NILES — Niles Community Schools’ MEAP test scores continue to show improvement despite the district’s higher-than-state-average socioeconomic disadvantaged and special education population.

In 25 of the 28 Michigan Educational Assessment Program tests taken by Michigan third- through eighth-graders in 2007, Niles students bested the state average.

"We are absolutely beating the heck out of state scores," Curriculum Director Jim Craig said Monday during a board agenda planning meeting.

Craig said the district — which has 48 percent of its students qualifying for free and reduced lunch compared with the state’s 37 percent average — does not buy into the idea that students that come from poorer homes will do worse in school. The district also has about 19 percent of its students in special education compared with a state average of 13 percent.

"We believe that every child can learn," Craig said.

And Niles has made a point to target those who are struggling in the classroom with a slew of interventions. Craig said the district is "long past curriculum alignment." Once a district’s scores rise above about 80 percent, he explained, "what you find are individual kids who need targeted interventions."

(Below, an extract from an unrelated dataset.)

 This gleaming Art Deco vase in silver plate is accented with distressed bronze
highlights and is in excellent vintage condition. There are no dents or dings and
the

Niles, Craig continued, employs one-on-one interventions "because we found that’s what’s effective."

Elementary school students take DIBELS tests, which assess literacy skills and tell teachers where they need extra help. Other reading and math programs provide similar support.

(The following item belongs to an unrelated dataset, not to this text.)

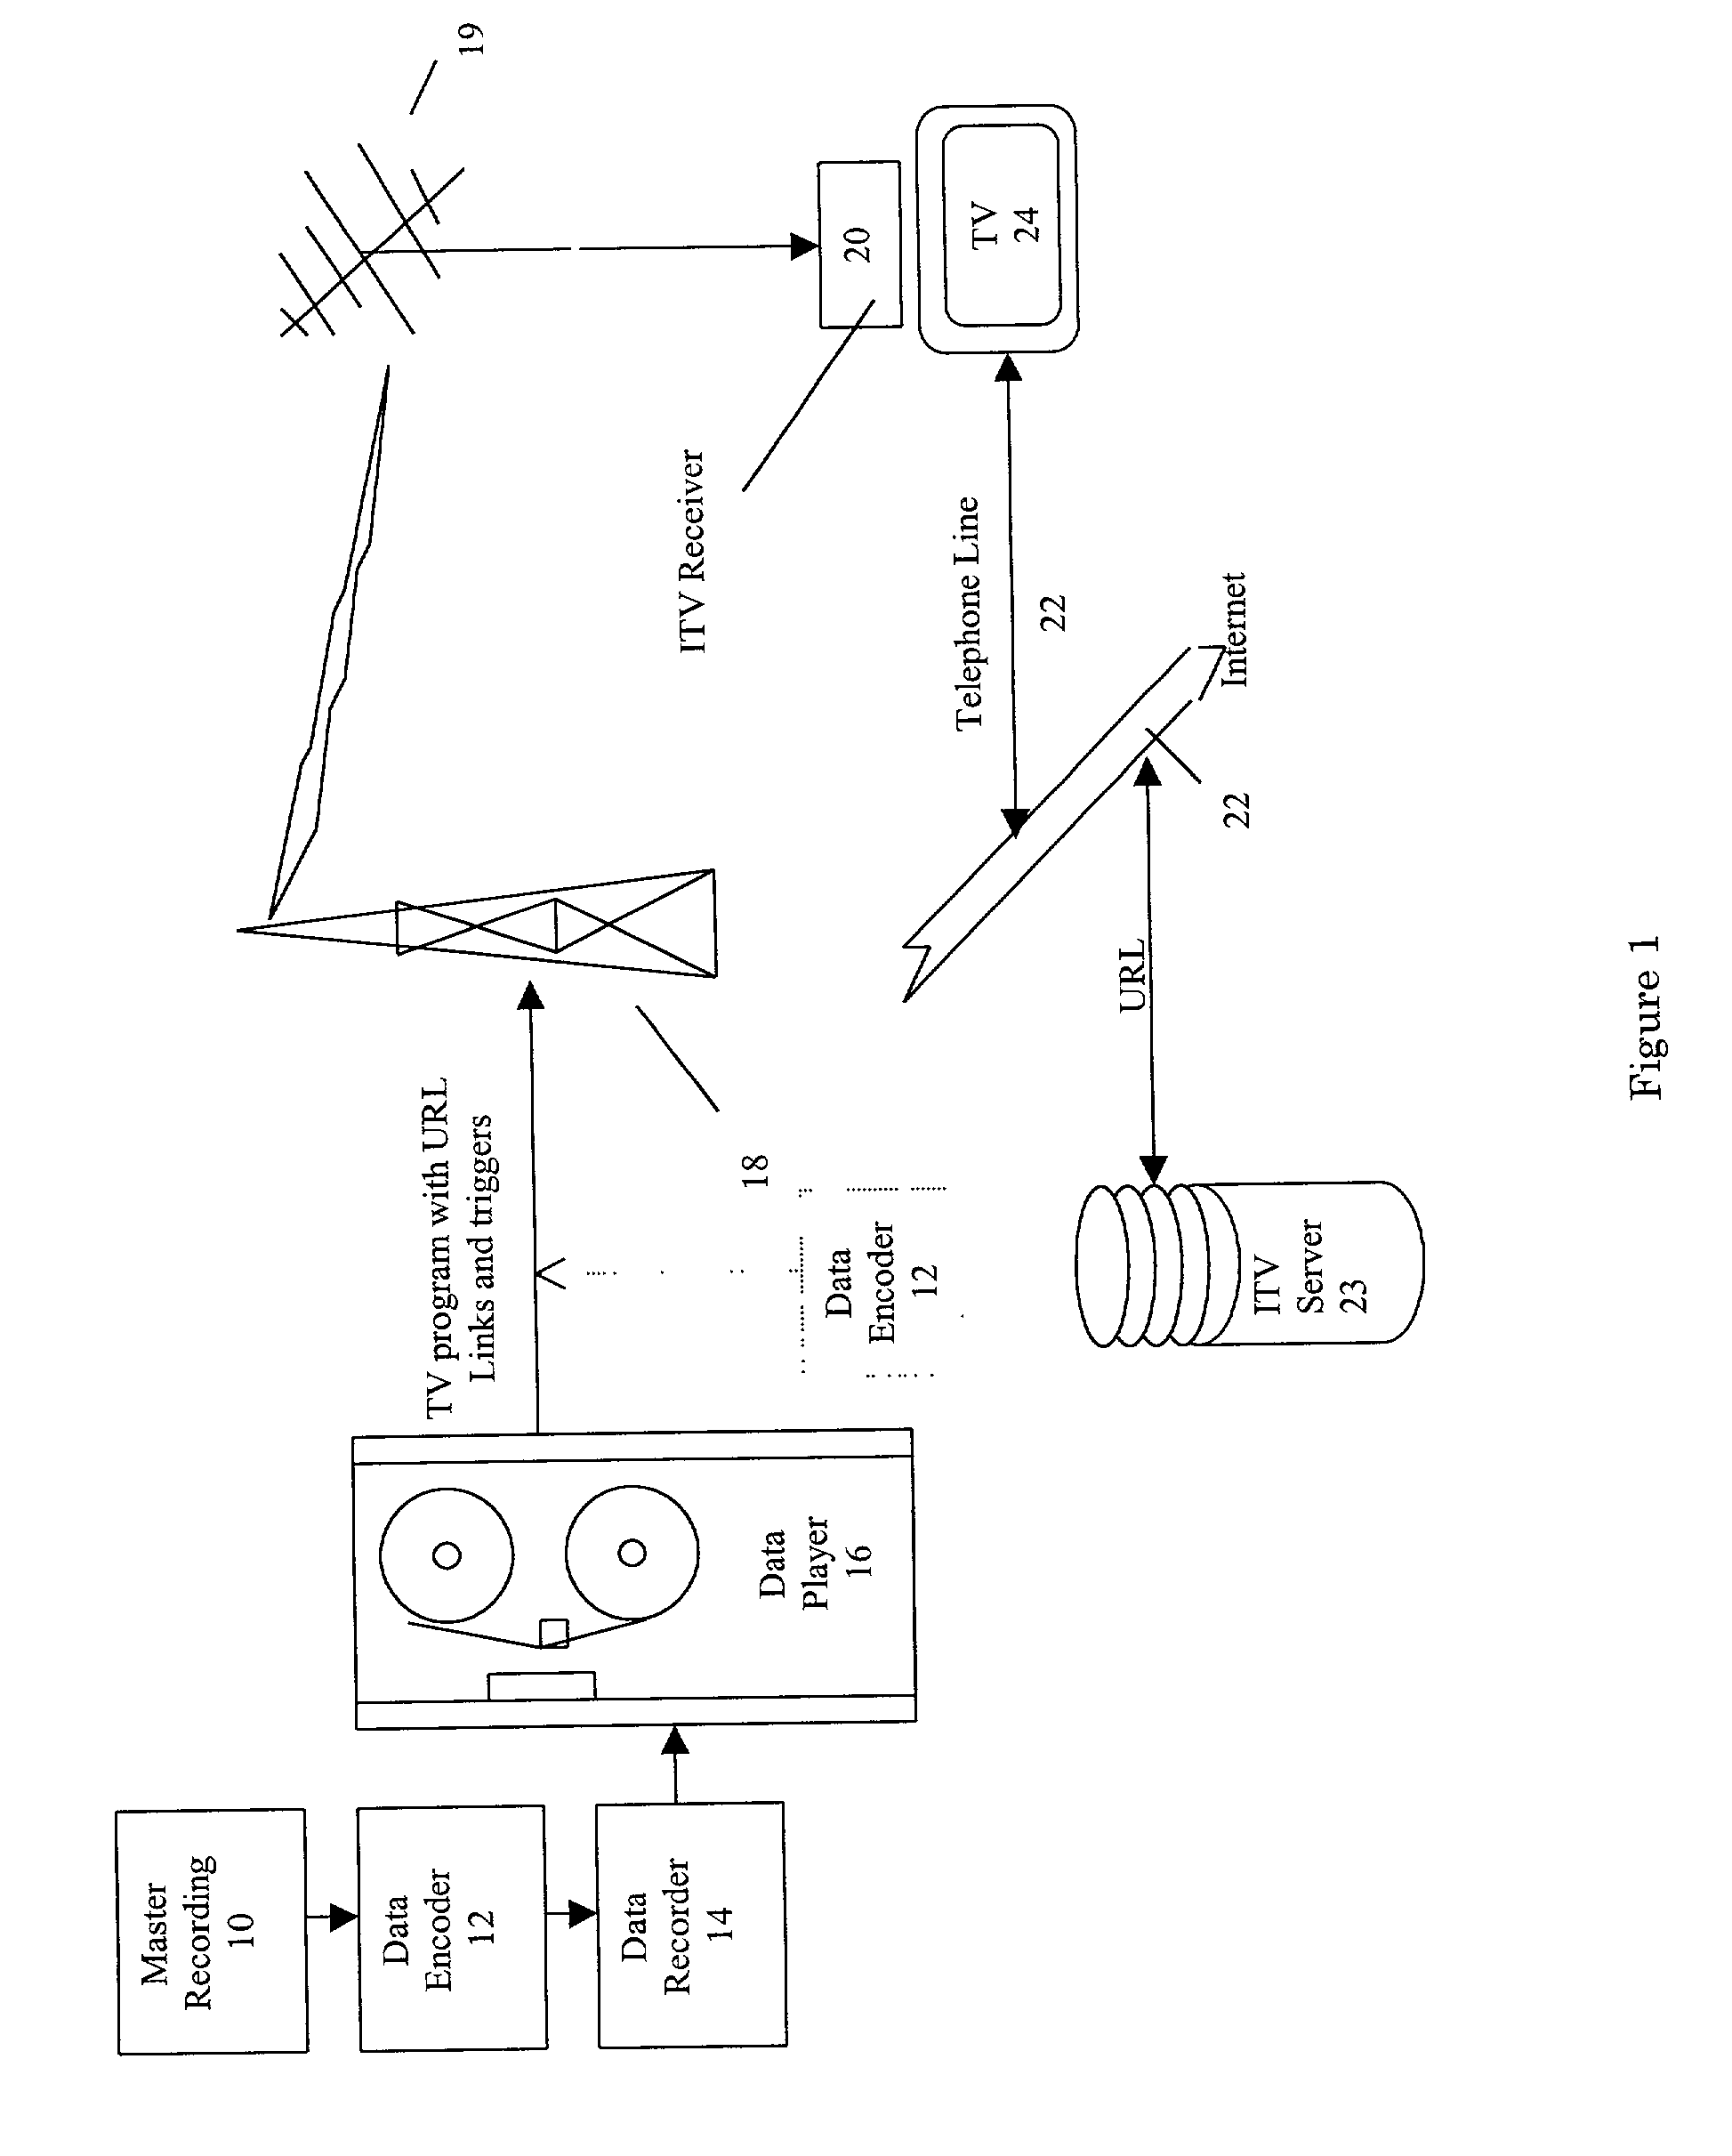 System and method for interacting with users over a communications network

At the middle school level a self-paced program called PassKey helps students who are below grade level. The building also uses a practice known as "looping," where students stay with the same teachers for seventh and eighth grades. Reading was added as a fifth core subject.

Superintendent Doug Law said the biggest change he has seen in the past several years occurred in the attitude of the staff. When confronted with a challenge, he said, staff begin asking "what do we need to do differently?"

Niles also has started a math, reading and writing intensive summer school program that targets students who failed the MEAP.

Craig also announced that Oak Manor Sixth Grade Center won its appeal with the state and received an A on its state school report card for last year. The building had been classified as a K-6 building instead of just a sixth-grade building.